### [ASSIGNED TASK]
Starting at the line below that contains "Kyoukai Senjou no" and ending at the line that contains "HELD MÖBEL Klapphängeschrank", retype each line exactly as it stands, but omit the pictures.

### [DATA PROVIDED]
■ ■ ■

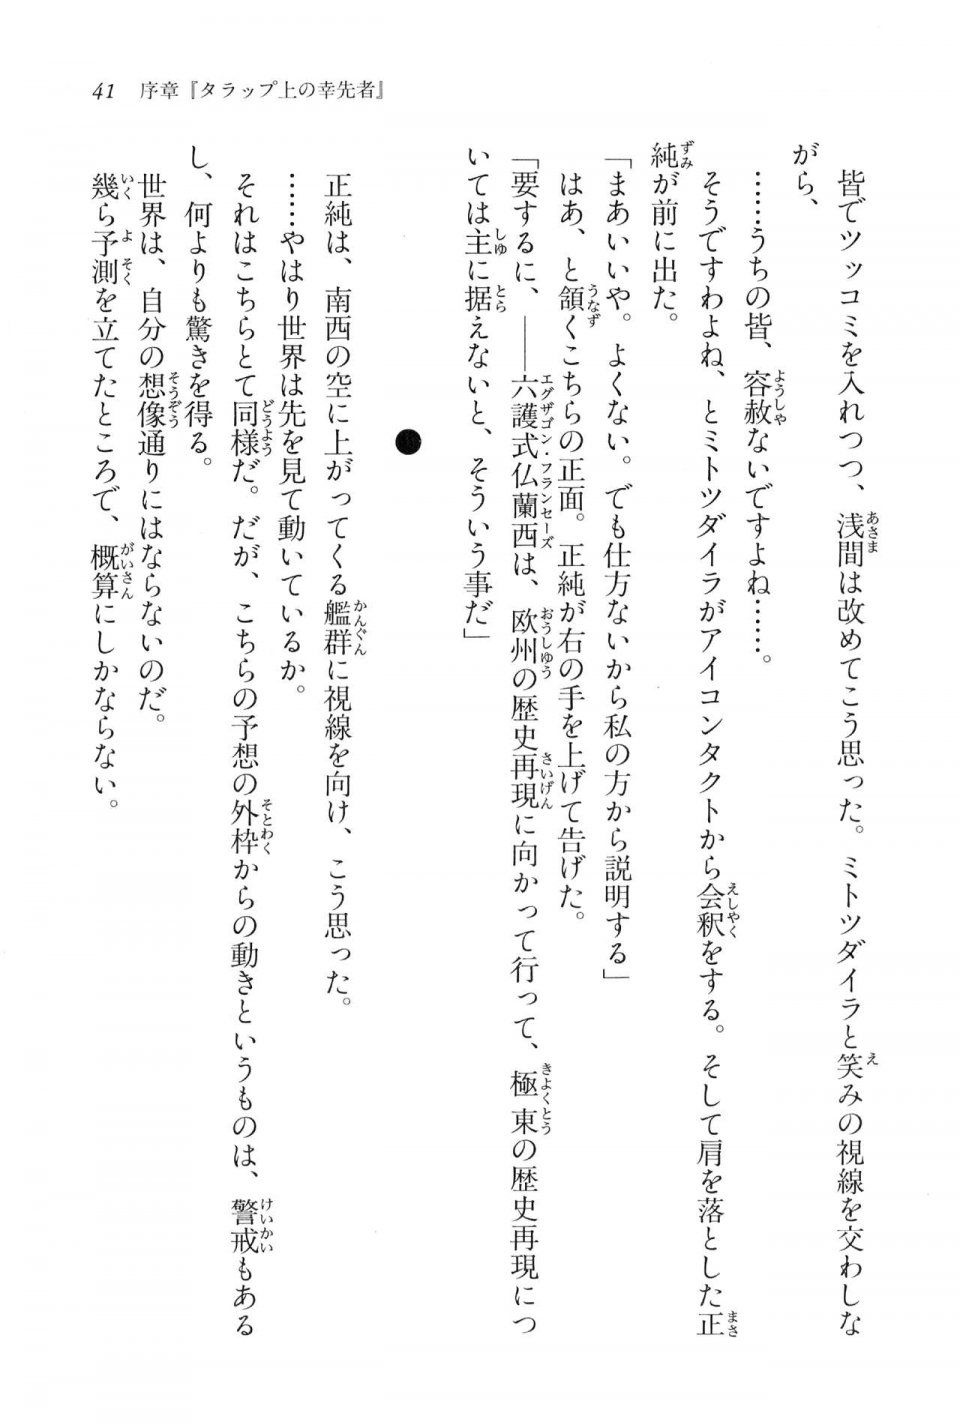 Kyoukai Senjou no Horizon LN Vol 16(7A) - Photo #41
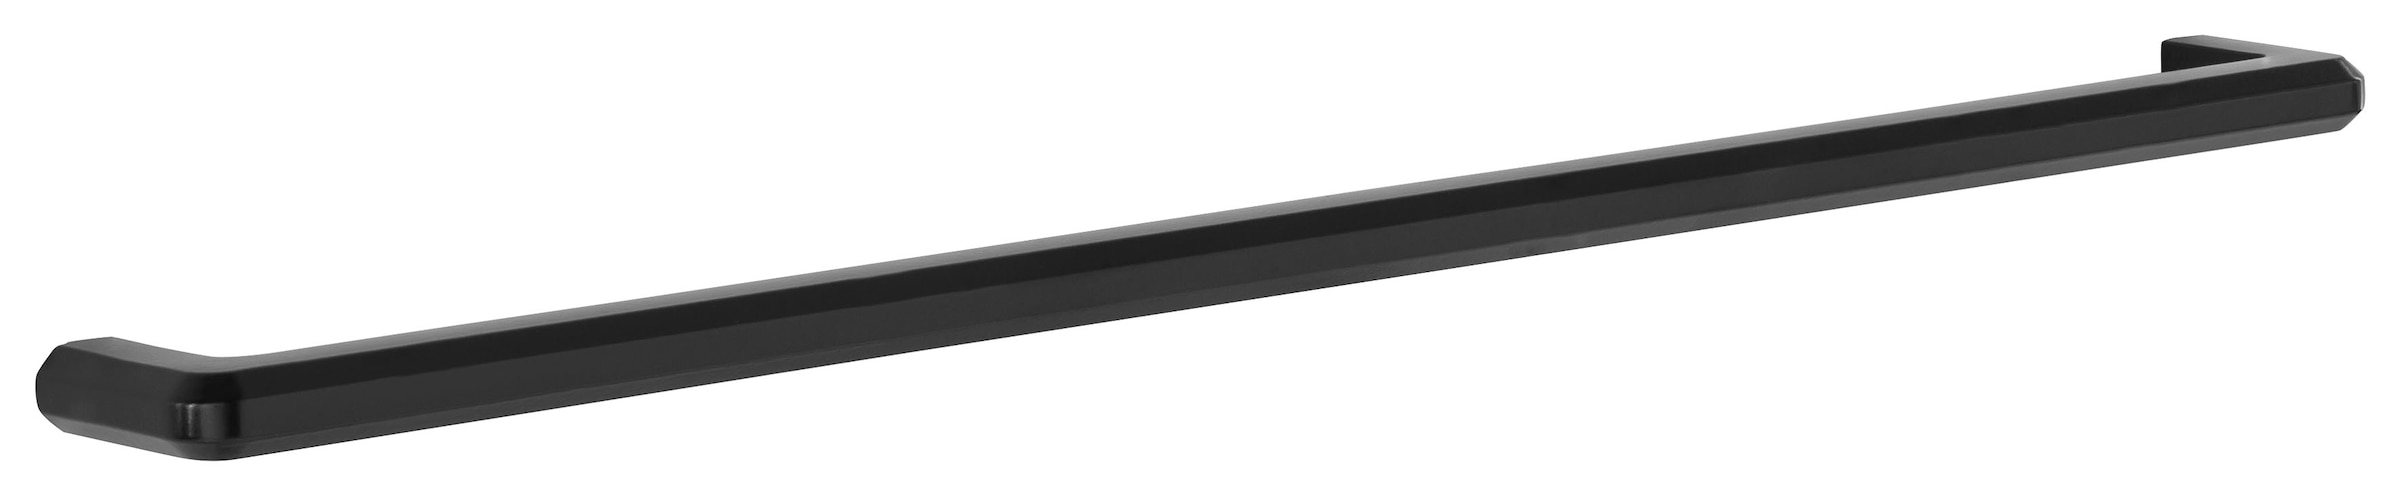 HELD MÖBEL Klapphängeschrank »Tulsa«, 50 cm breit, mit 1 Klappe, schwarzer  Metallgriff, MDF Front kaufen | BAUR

■ ■ ■

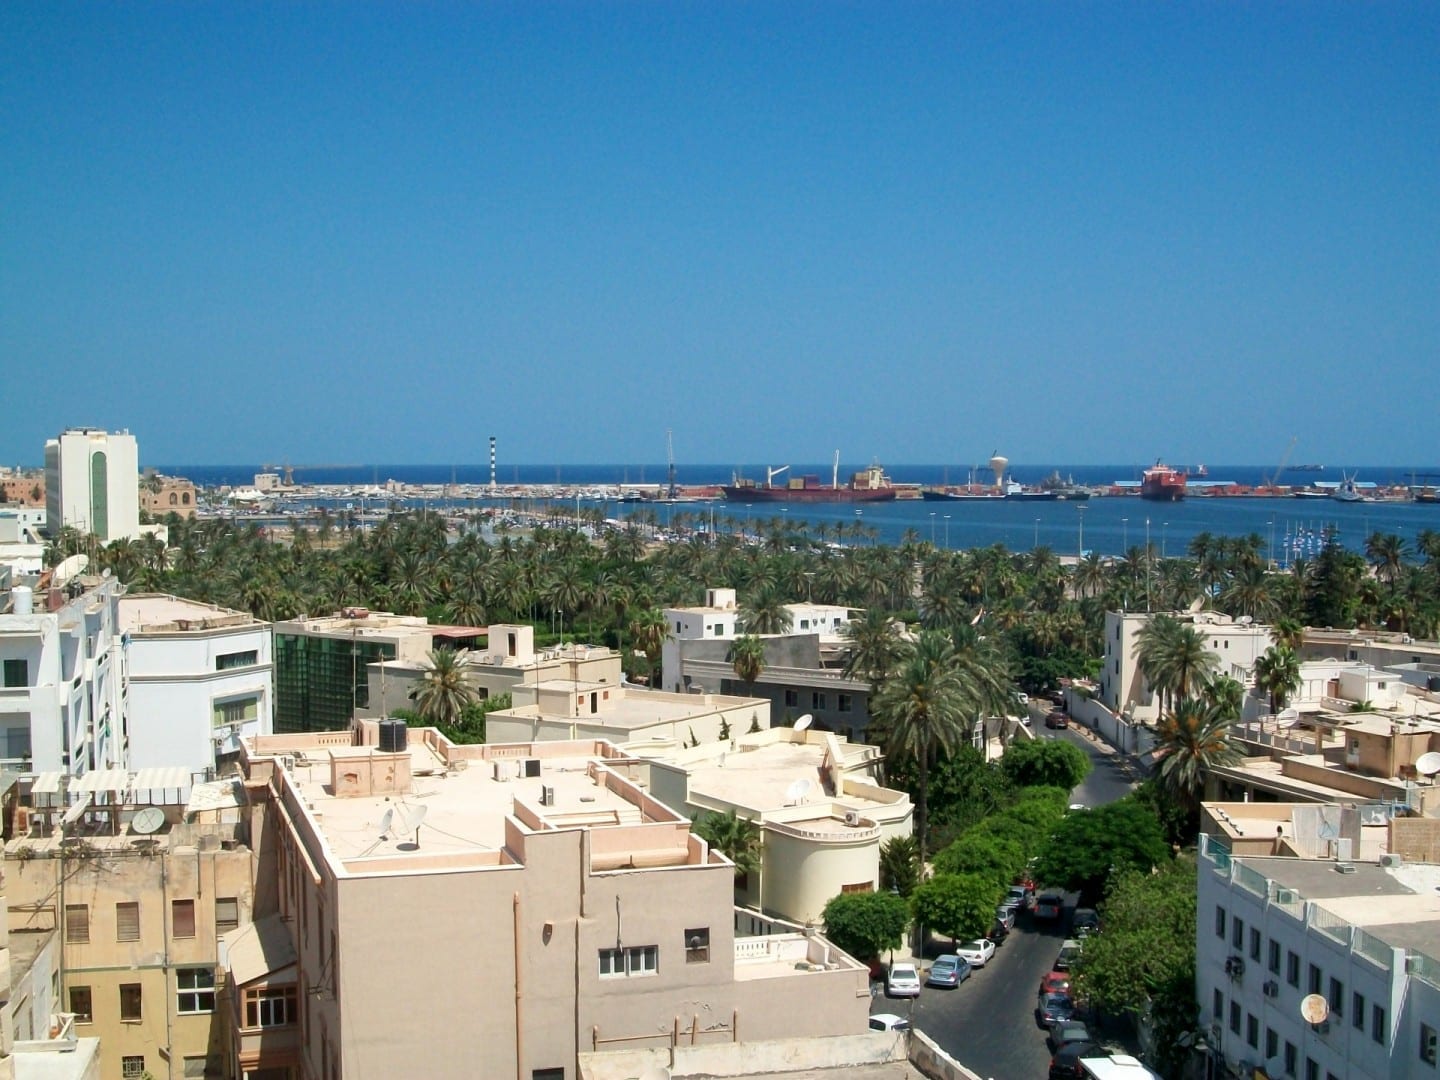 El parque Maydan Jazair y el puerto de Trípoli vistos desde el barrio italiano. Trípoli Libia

■ ■ ■

### [EXERCISE OUTPUT]
 Kyoukai Senjou no Horizon LN Vol 16(7A) - Photo #41
 HELD MÖBEL Klapphängeschrank »Tulsa«, 50 cm breit, mit 1 Klappe, schwarzer  Metallgriff, MDF Front kaufen | BAUR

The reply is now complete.